Conventional catalyst alloy particles are typically prepared by wet chemical or metallurgical methods and supported on conventional carbon support particles. Conventional particles have a homogeneous composition representative of the alloy stoichiometry, a generally spherical morphology indicative of the crystallite growth habit of particles produced by conventional methods, and are randomly distributed over the surface of a larger support particle. The catalyst particles may also be used without a support as a "black". Such particles are reported to be in the 2 to 25 nm size range and they increase in diameter as the amount of catalyst per support particle increases.

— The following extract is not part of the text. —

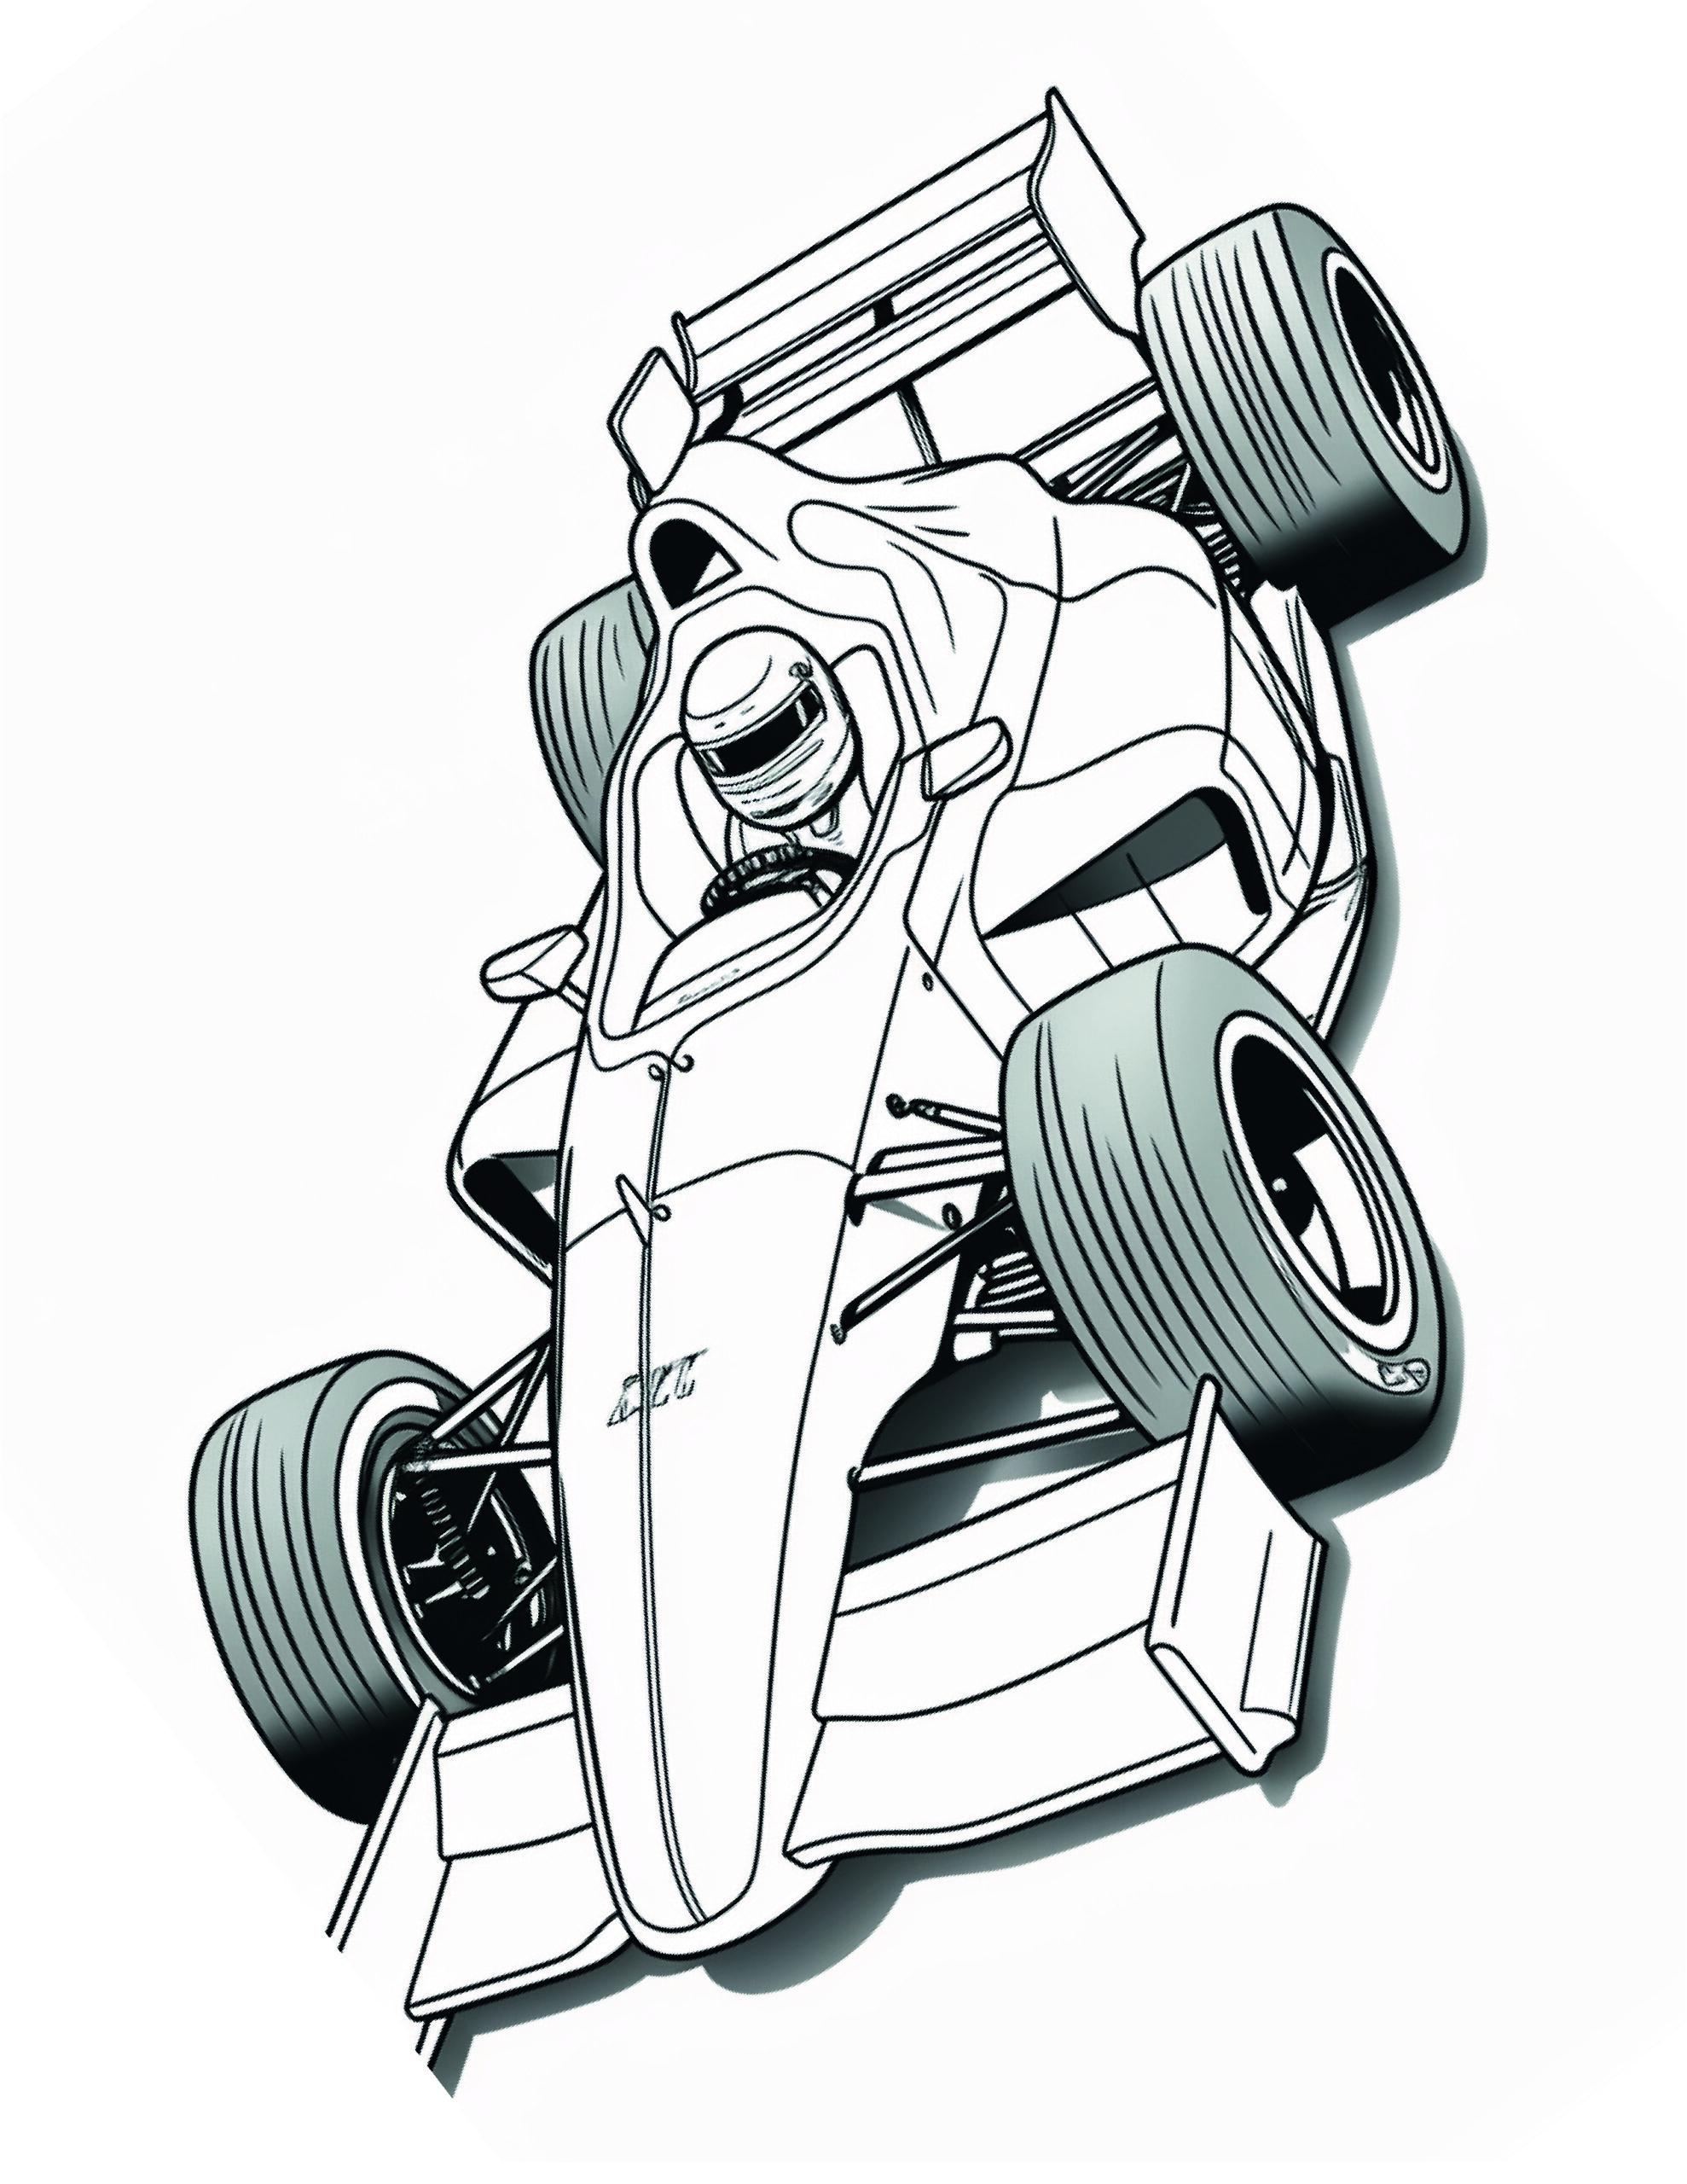 Skip to Your Lou - Race Car Coloring Pages - A line drawing of the outline of a formula one car, with dark shaded tires.

Various other structures and means have been used to apply or otherwise bring a catalyst in contact with an electrolyte to form electrodes. These MEAs can include: (a) porous metal films or planar distributions of metal particles or carbon supported catalyst powders deposited on the surface of the ICM; (b) metal grids or meshes deposited on or imbedded in the ICM; or (c) catalytically active nanostructured composite elements embedded in the surface of the ICM.
PEFCs are seen as a potential energy source for, e.g., electric vehicles, since PEFCs have been shown to exhibit high energy conversion efficiency, high power density and negligible pollution. In a vehicle such as an automobile, one convenient source of hydrogen gas can be the steam reformation of methanol, since methanol can be stored more easily in a vehicle than hydrogen. However, it is known that methanol reformate gas can contain as much as 25% carbon dioxide (CO.sub.2) and up to 1% carbon monoxide (CO), and that the catalytic performance of pure platinum can be significantly reduced by the presence of even 10 parts per million (ppm) of CO. Therefore, successful use of reformed hydrogen fuel depends upon either decreasing the CO content of the fuel or development of CO-tolerant catalysts, or both.
Two methods have been reported in the art to avoid the effects of CO on PEFC performance. The first method is by oxidation of CO to CO.sub.2 at the anode by means of introducing air, typically 2% by volume, into the reformate hydrogen stream, as described in U.S. Pat. No. 4,910,099. While this method is effective, it introduces added complexity to the PEFC and a loss of efficiency. The second method is to enhance the CO tolerance of Pt electrodes by alloying it with a second element, preferably ruthenium (Ru) (see, for example, M. Iwase and S. Kawatsu, Electrochemical Society Proceedings, V. 95-23, p. 12; Proceedings of the First International Symposium on Proton Conducting Membrane Fuel Cells, S. Gottesfeld, et al., Eds., The Electrochemical Society, Pennington, N.J., 1995). Tolerance for as much as 100 ppm CO was achieved for a 1:1 atomic ratio alloy of Pt:Ru on a carbon support at Pt loading level of 0.4 mg/cm.sup.2, the fuel cell operating at 80.degree. C. It is further known in the art (T. A. Zawodzinski, Jr., presented at Fuel Cells for Transportation, U.S. Department of Energy, National Laboratory R&D Meeting, Jul. 22-23, 1997, Washington, D.C.) that a PEFC having a PtRu mass loading of 0.6 mg/cm.sup.2 operating at temperatures above 100.degree. C. has been shown to be tolerant to 100 ppm CO. However, this method loses effectiveness at lower temperature operation or when lower loading of the catalyst is used.
Nanostructured composite articles have been disclosed. See, for example, U.S. Pat. Nos. 4,812,352, 5,039,561, 5,176,786, 5,336,558, 5,338,430, and 5,238,729. U.S. Pat. No. 5,338,430 discloses that nanostructured electrodes embedded in solid polymer electrolyte offer superior properties over conventional electrodes employing metal fines or carbon-supported metal catalysts, including: more efficient use of costly catalyst material and enhanced catalytic activity.